● **Data supplied**:
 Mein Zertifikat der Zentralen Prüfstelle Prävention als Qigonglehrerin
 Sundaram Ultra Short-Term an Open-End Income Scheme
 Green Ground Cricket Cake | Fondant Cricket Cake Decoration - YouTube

--

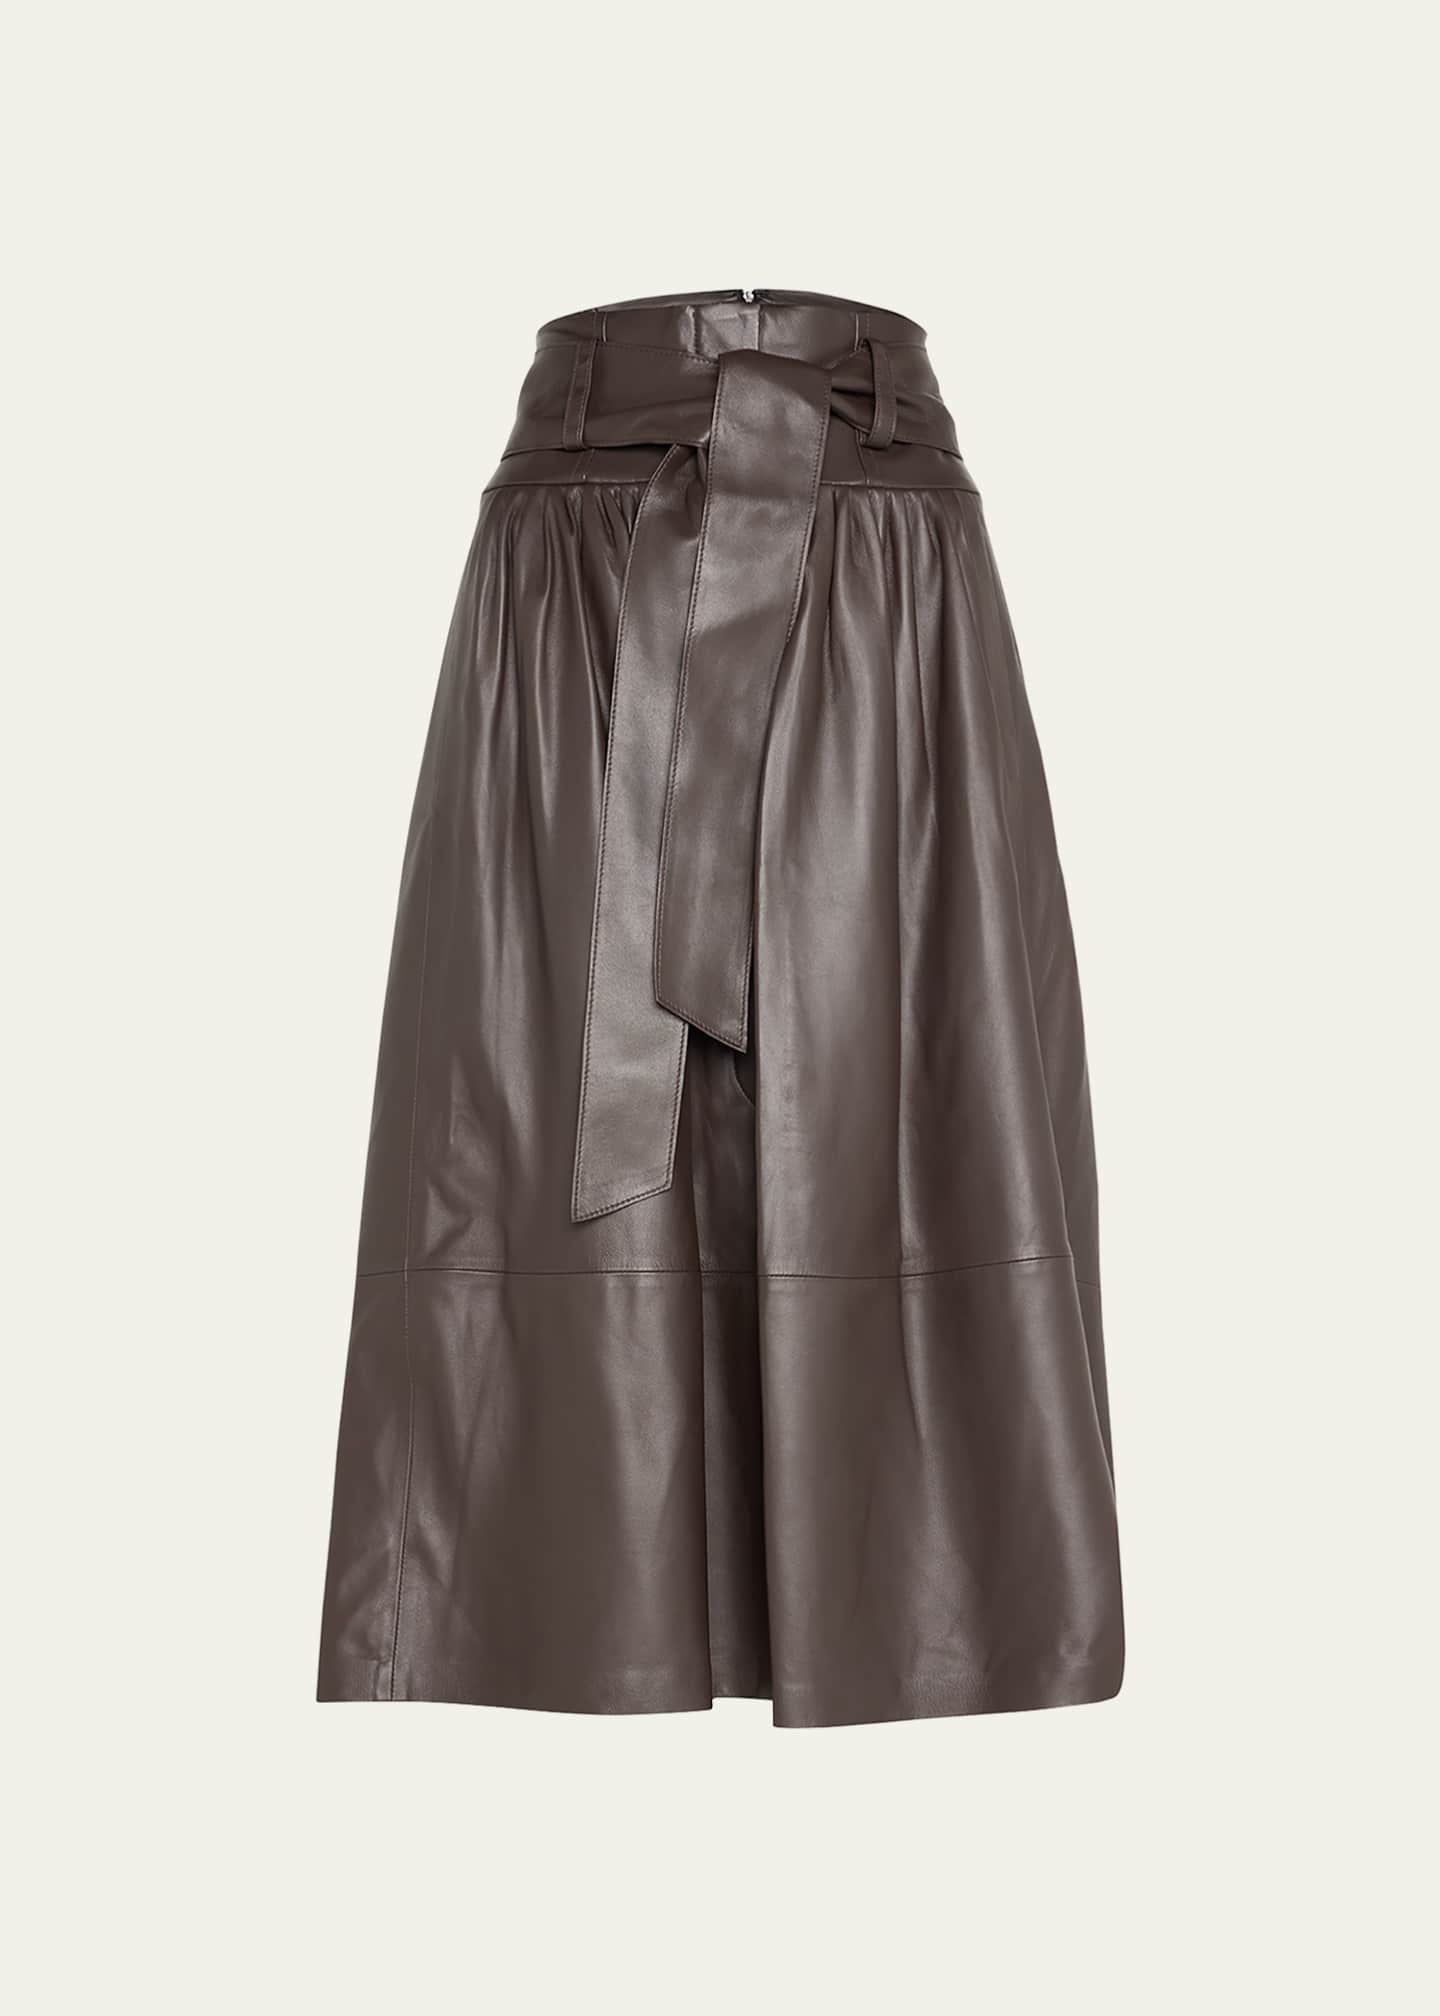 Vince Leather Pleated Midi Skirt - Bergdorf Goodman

● **Task brief**:
Take the entries above and return only the lines from the one with "Sundaram Ultra Short-Term" to the one with "Green Ground Cricket", both included, unchanged.

● **Response to the exercise**:
 Sundaram Ultra Short-Term an Open-End Income Scheme
 Green Ground Cricket Cake | Fondant Cricket Cake Decoration - YouTube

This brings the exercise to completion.